O Apple TV+ acaba de revelar um dado que pegou até executivos de Hollywood de surpresa: **o Brasil já é o segundo maior mercado da plataforma no planeta, atrás apenas dos Estados Unidos**. A informação foi confirmada por Eddy Cue, vice-presidente sênior de Serviços da Apple, em entrevista à Folha de S.Paulo. Mais do que volume de assinaturas, o país também lidera em velocidade de crescimento.
Por que o Brasil virou prioridade para a Apple?
O salto brasileiro impressiona por dois motivos. Primeiro, porque **a Apple nunca financiou uma única produção original no país**, diferentemente de rivais como Netflix, Amazon Prime Video e Disney+. Segundo, porque a assinatura local subiu de R$ 14,90 para R$ 21,90 recentemente, e mesmo assim a base continuou a crescer.
Na prática, isso aponta para um público que valoriza a curadoria enxuta de séries e filmes de alto orçamento — como “Ted Lasso”, “Severance” e “Monarch: Legacy of Monsters” — e a integração do serviço com o ecossistema da empresa, do iPhone ao Mac.
Produções nacionais: promessa adiada
Cue admitiu que existe uma lacuna criativa, mas afirmou que **o modelo de “qualidade antes de quantidade” da Apple exige tempo**. Para quem espera ver histórias brasileiras no streaming da maçã, a mensagem é clara: não será para ontem, mas a pressão regulatória — o projeto de lei que prevê cotas de conteúdo nacional — pode acelerar esse cronograma.
O que muda para você que assina (ou pensa em assinar)
1. **Catálogo global premium**: enquanto outras plataformas apostam em volume, o Apple TV+ investe em peças de prestígio que chegam a salas de cinema antes do streaming. “Assassinos da Lua das Flores”, de Martin Scorsese, é o exemplo mais recente.
2. **Integração nativa**: usuários de iPhone, iPad e Mac desfrutam de Dolby Vision, Dolby Atmos e reprodução em 4K HDR sem gambiarras.

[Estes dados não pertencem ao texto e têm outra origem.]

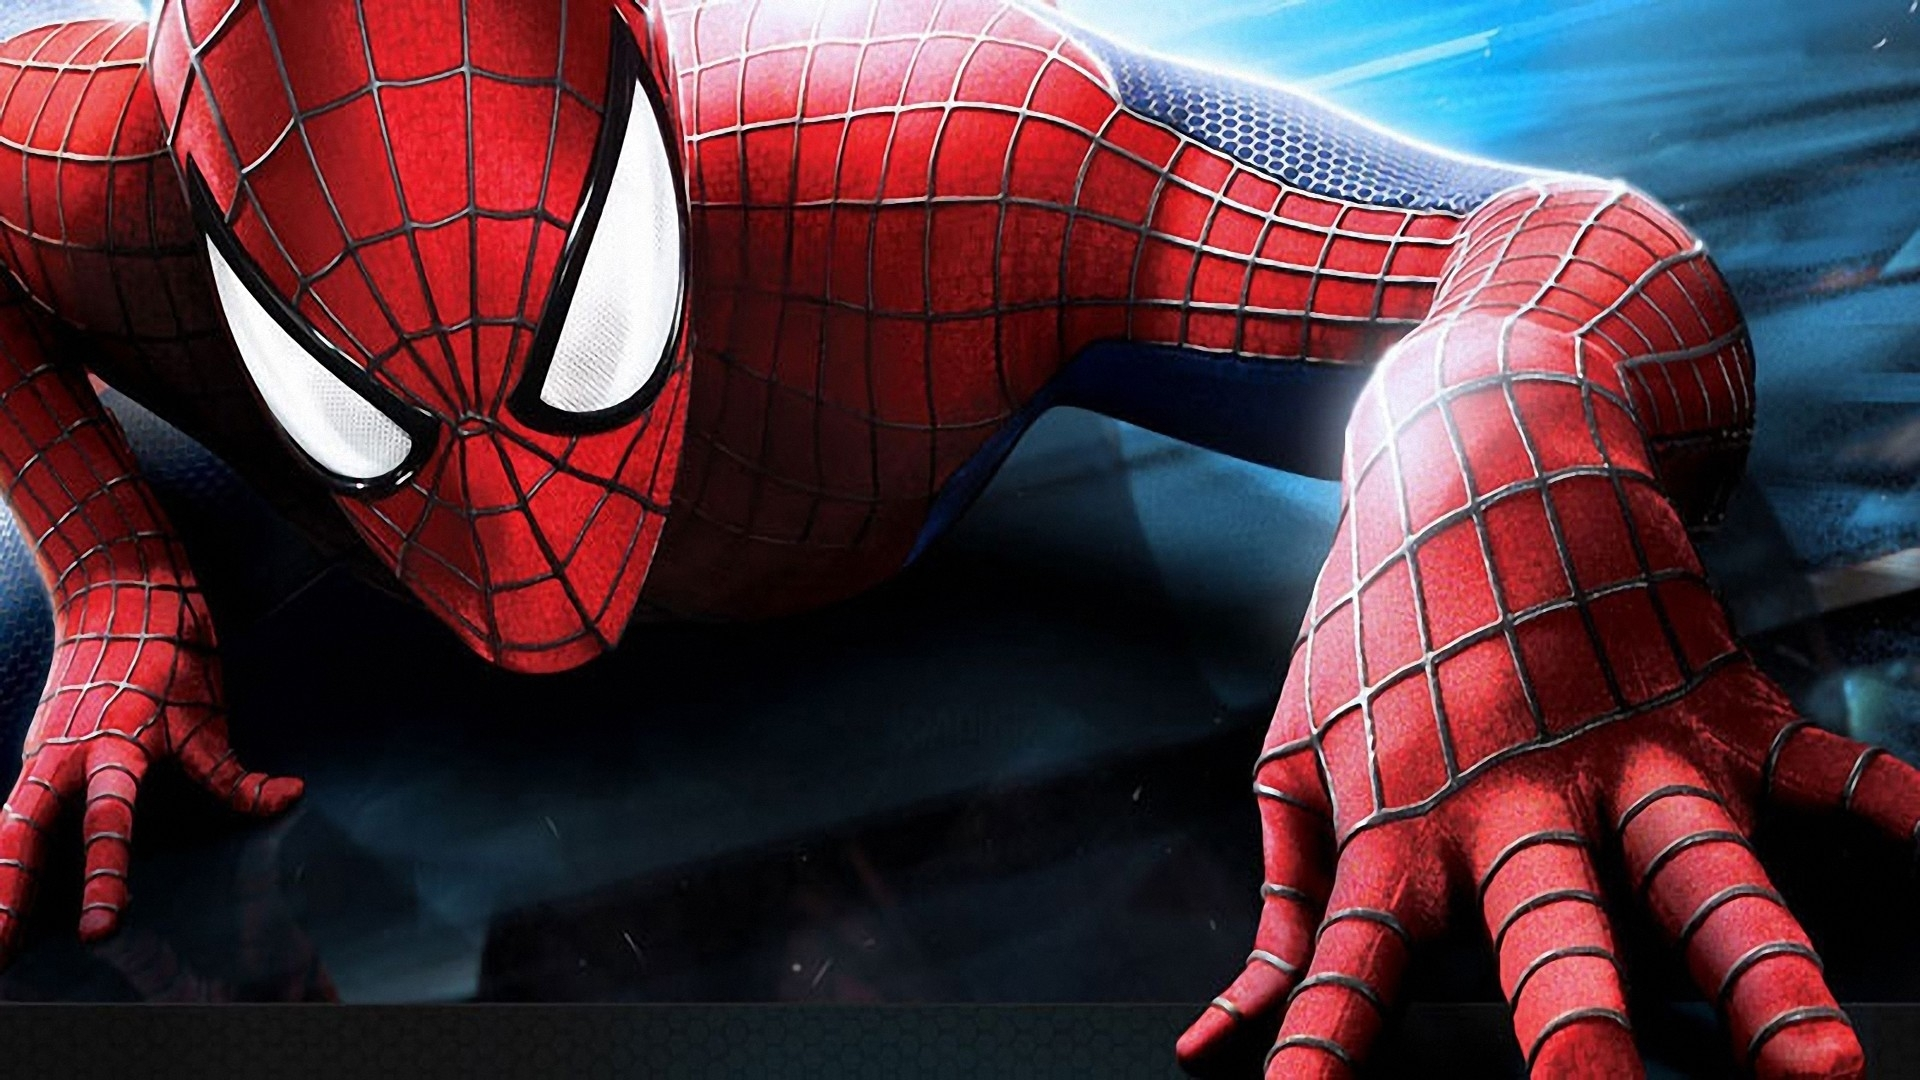 10 Most Popular Spider Man 2099 Wallpaper Hd Full Hd 1920: 10 New Ultimate Spider-Man Wallpaper FULL HD 1920×1080 For

3. **Prós e contras**: a falta de conteúdo local pode pesar, mas o serviço costuma oferecer períodos de teste gratuitos generosos, ideais para maratonar lançamentos enquanto decide se vale o investimento mensal.
Apple TV 4K x Fire TV Stick 4K: qual player combina mais com seu setup?
Se você pensa em turbinar a experiência na sua sala, vale comparar o Apple TV 4K (3ª geração) com o Fire TV Stick 4K Max, dois campeões de vendas na Amazon:
Apple TV 4K
• Processador A15 Bionic (o mesmo do iPhone 13), garantindo navegação instantânea.
• Armazenamento interno de 64 GB ou 128 GB para apps e jogos Apple Arcade.
• Dolby Vision, HDR10+ e taxa de 60 fps para esportes ao vivo, como a MLS.
• Integração total com HomeKit, AirPlay 2 e áudio espacial dos AirPods.
Fire TV Stick 4K Max
• Suporte Wi-Fi 6 para streaming estável em roteadores mais novos.
• Alexa integrada e compatibilidade com os principais apps brasileiros.
• Mais compacto e econômico, ideal para quem prioriza custo-benefício.
• Armazena menos apps (8 GB) e depende de micro-USB para energia.
Imagem: Internet
Ambos reproduzem o Apple TV+ em 4K HDR, mas o set-top da própria Apple entrega performance superior e funciona como hub Matter/Thread para casas inteligentes — recurso relevante para quem já investe no ecossistema.
Cinema ainda é vital na estratégia
Ao contrário da Netflix, que privilegia estreias diretas no streaming, a Apple insiste no lançamento em salas de exibição. Segundo Cue, **a experiência coletiva do cinema continua “insubstituível”** e deve se tornar ainda mais valorizada. Essa postura rende parcerias com grandes distribuidores e aumenta a visibilidade das produções antes de chegarem ao Apple TV+.
O que esperar dos próximos capítulos
• **Pressão regulatória**: o avanço do marco de streaming no Congresso pode obrigar a Apple a investir em séries brasileiras mais cedo do que gostaria.
• **Expansão latina**: México e Colômbia já receberam produções originais, sinal de que a América Latina é foco real, não discurso.
• **Parcerias estratégicas**: o acordo recente que levou a nova temporada de “Drive to Survive” para dentro do app da Apple aponta para colaborações pontuais, mesmo entre concorrentes.
No cenário global, o Brasil ganha voz dentro de Cupertino. Para os fãs de entretenimento e para quem monta o próximo setup 4K em casa, vale acompanhar: quando a Apple decide investir, costuma redefinir padrões.